▶ _What you are asked to do_
Every line of the material below needs to be copied exactly; omit the pictures.

▶ _Information supplied_
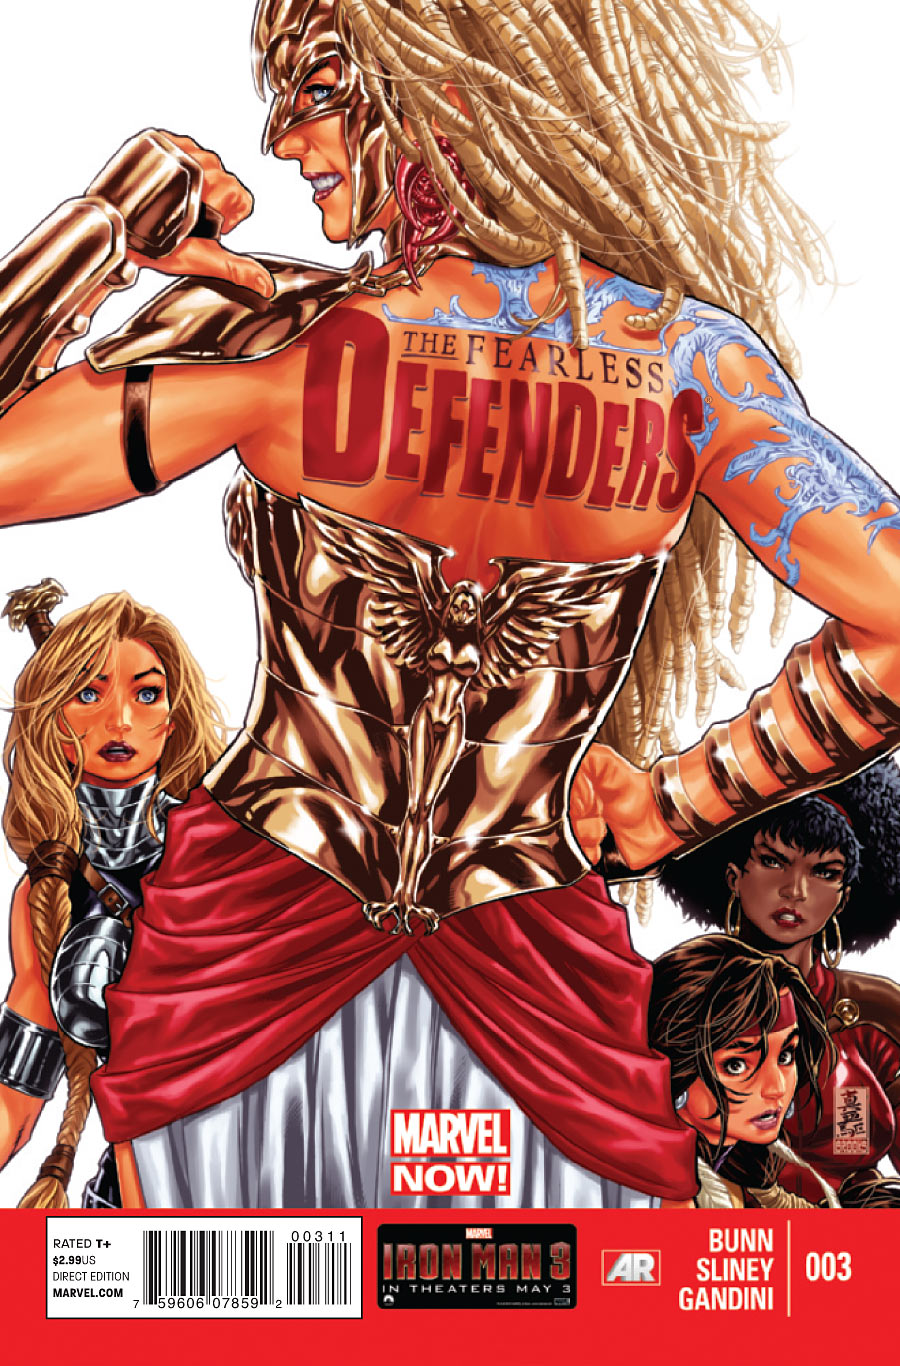 The Fearless Defenders, Vol. 1 by Cullen Bunn
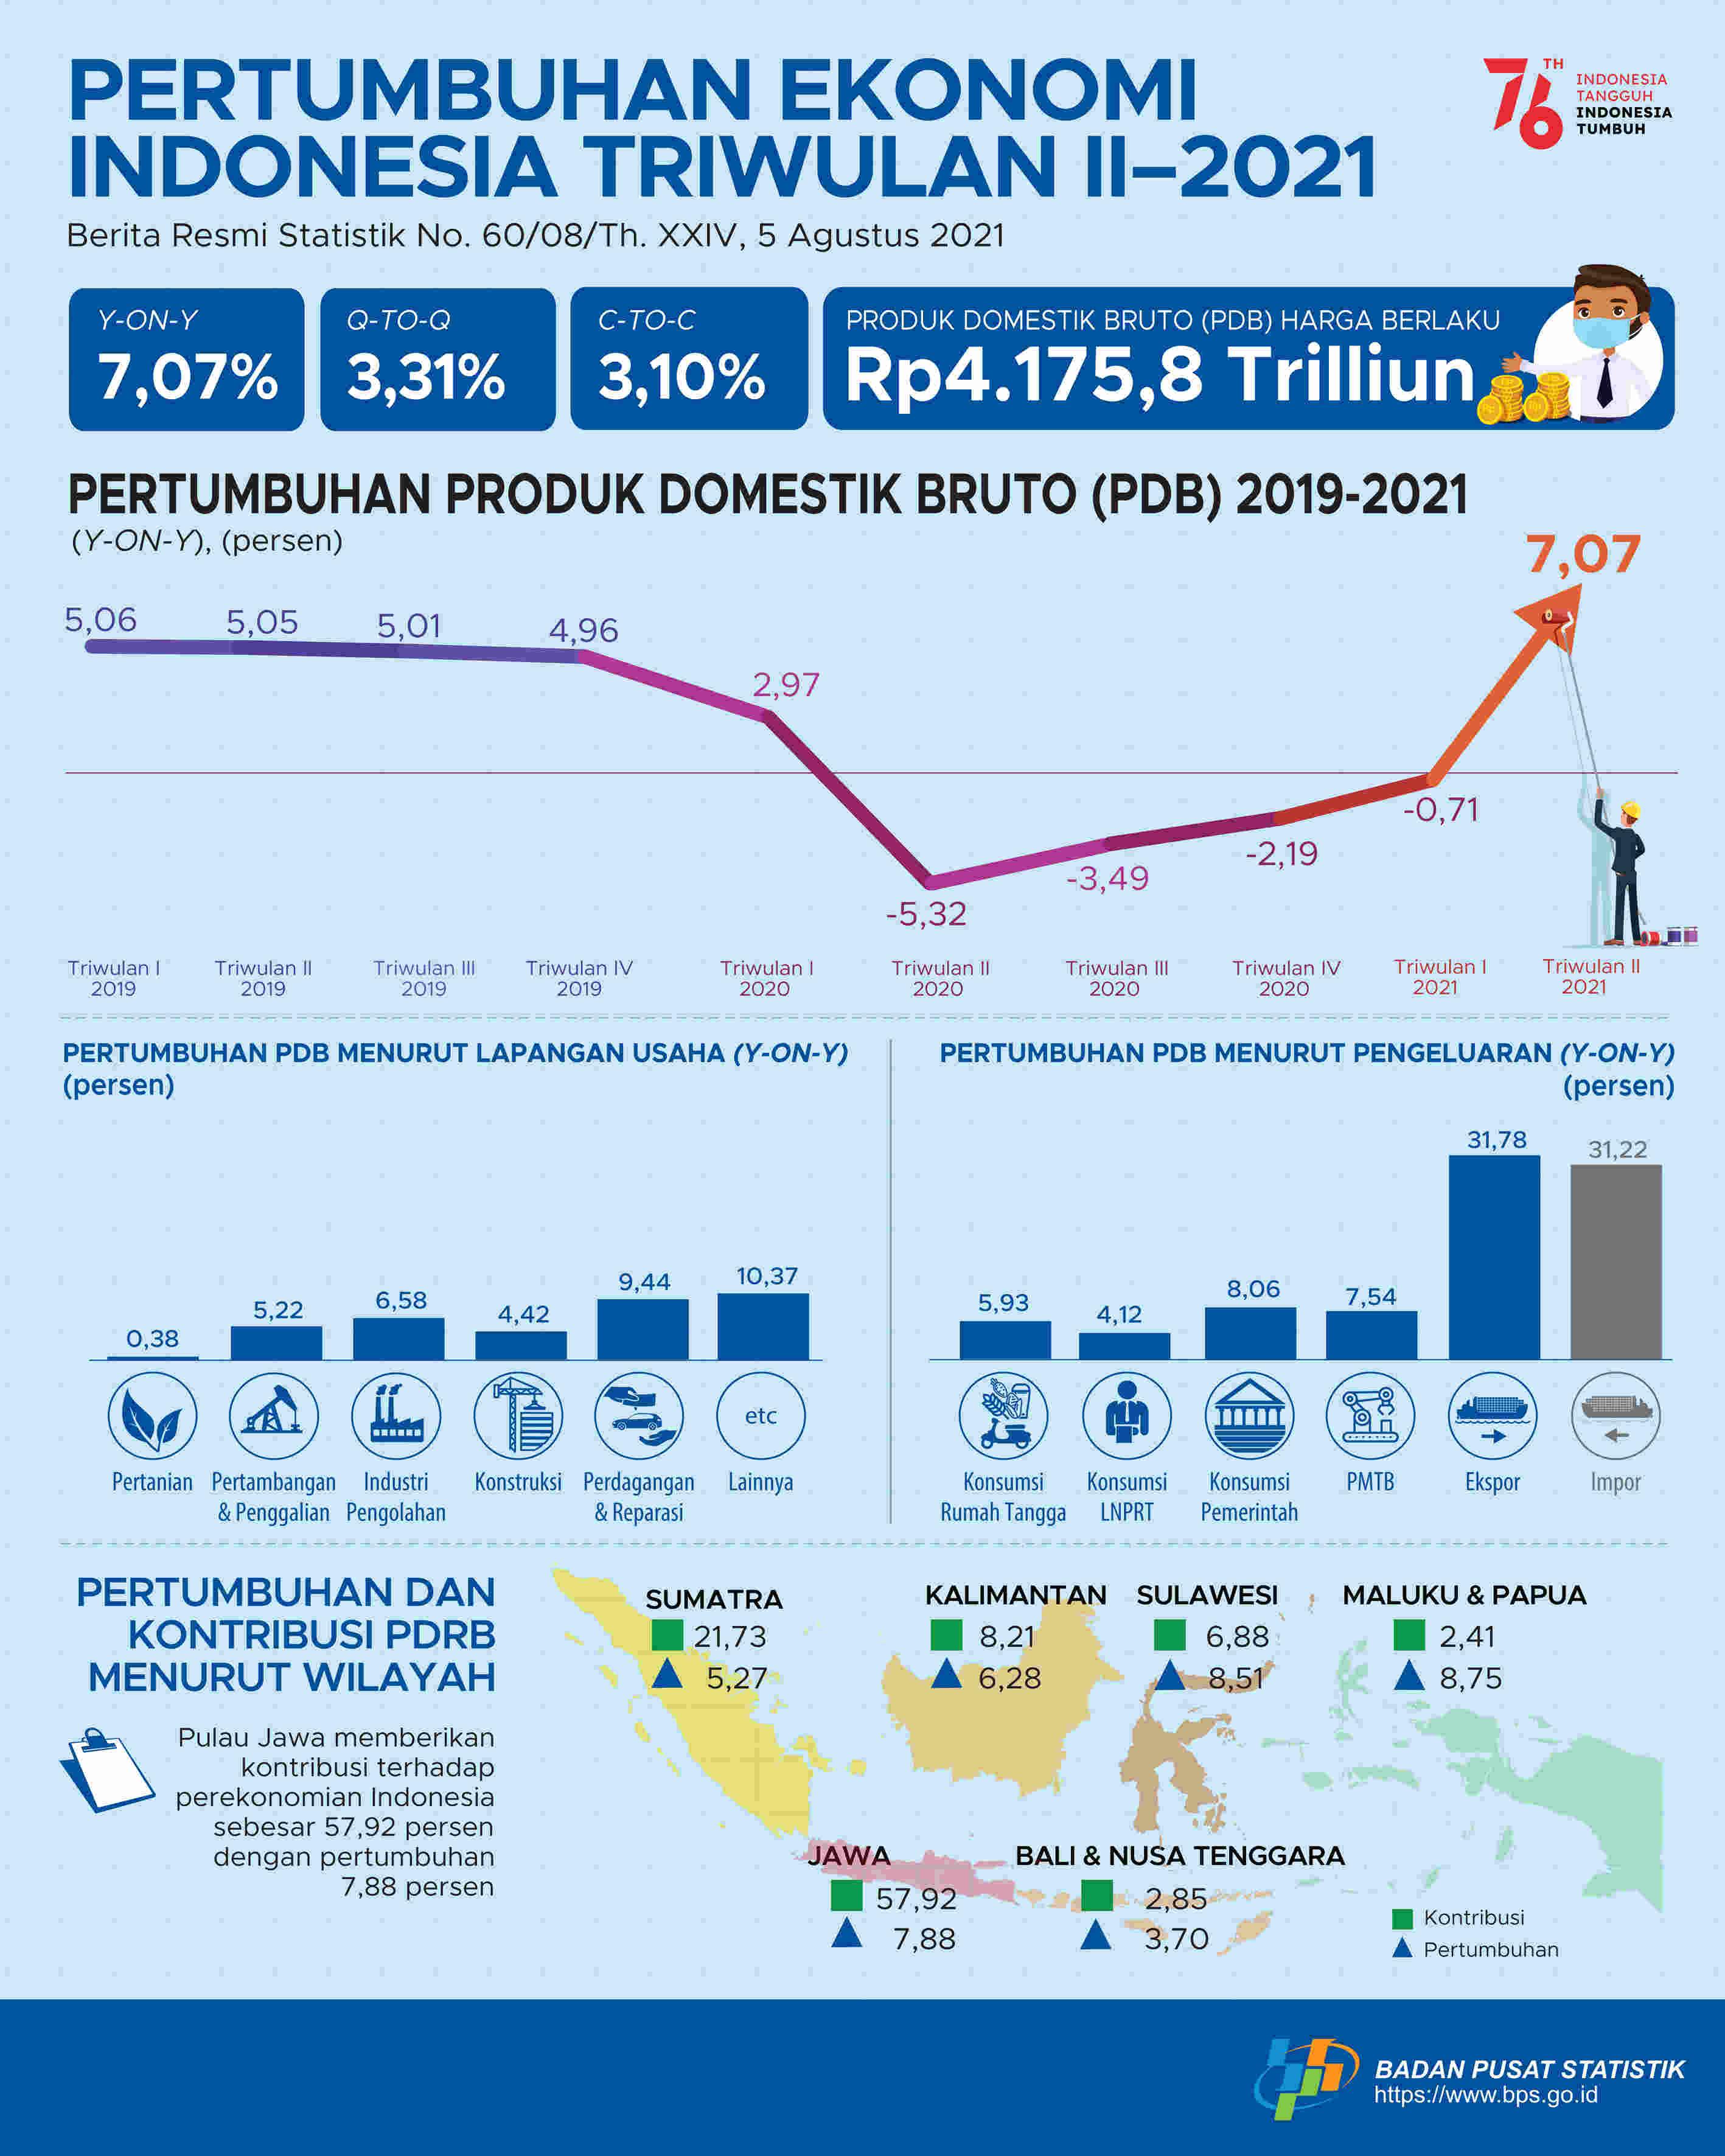 Economic Growth of Indonesia Second Quarter 2021 ascend 7.07 percent (y-on-y)
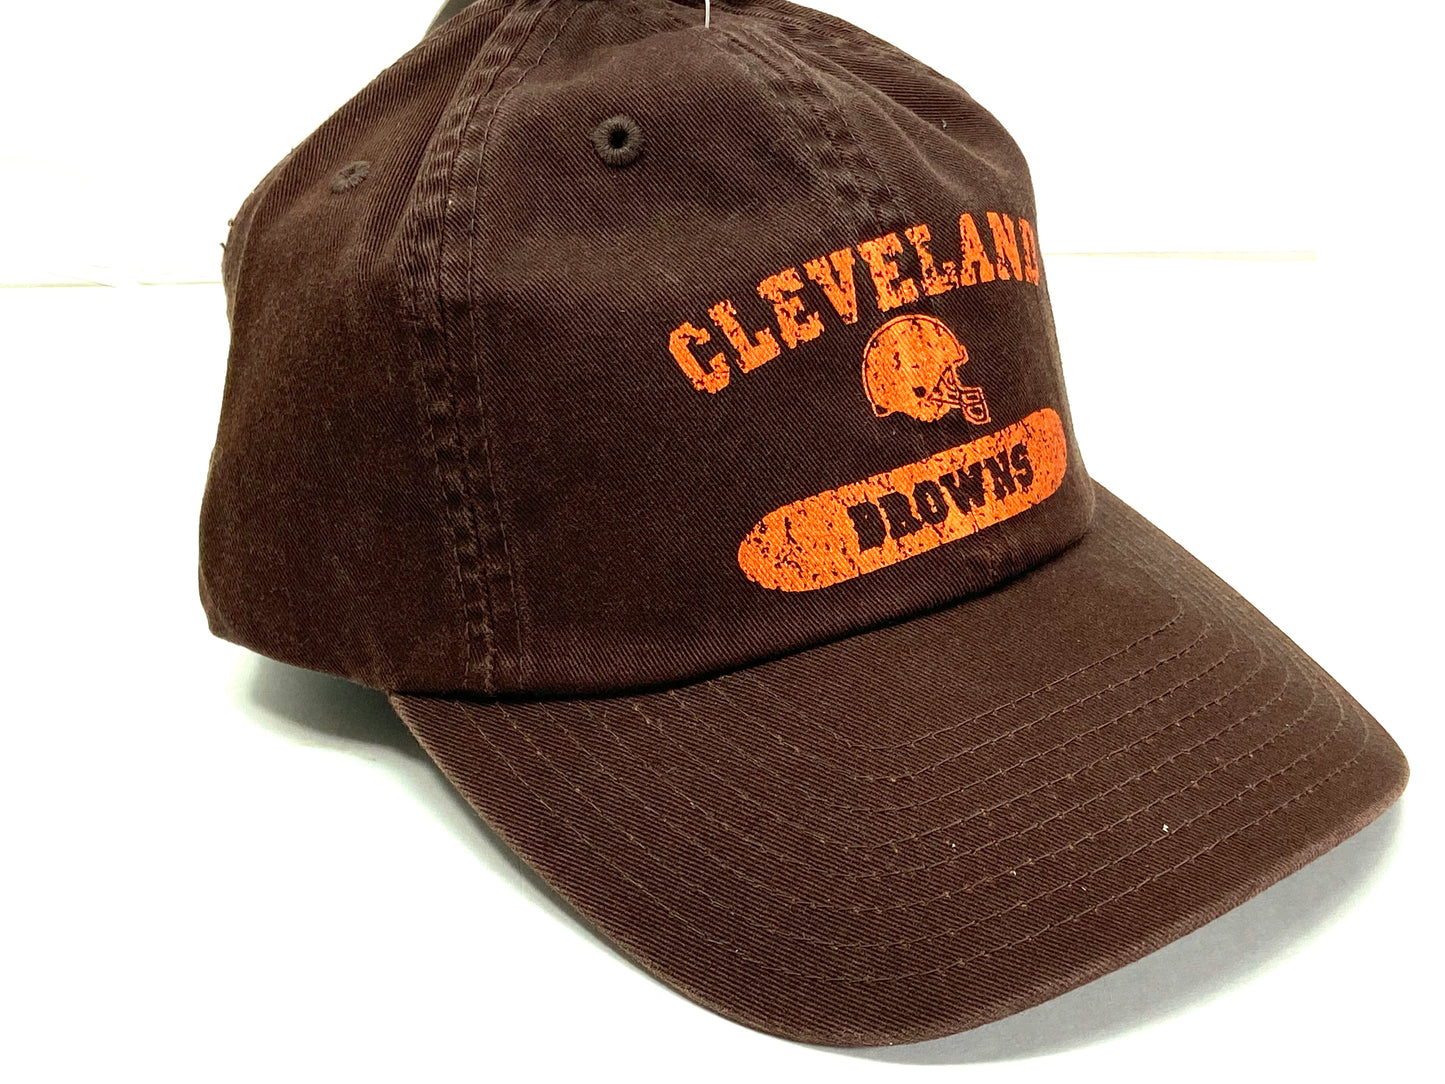 Cleveland Browns Vintage NFL "Aged" Unstructured Brown Cap By American Needle

▶ _Answer_
 The Fearless Defenders, Vol. 1 by Cullen Bunn
 Economic Growth of Indonesia Second Quarter 2021 ascend 7.07 percent (y-on-y)
 Cleveland Browns Vintage NFL "Aged" Unstructured Brown Cap By American Needle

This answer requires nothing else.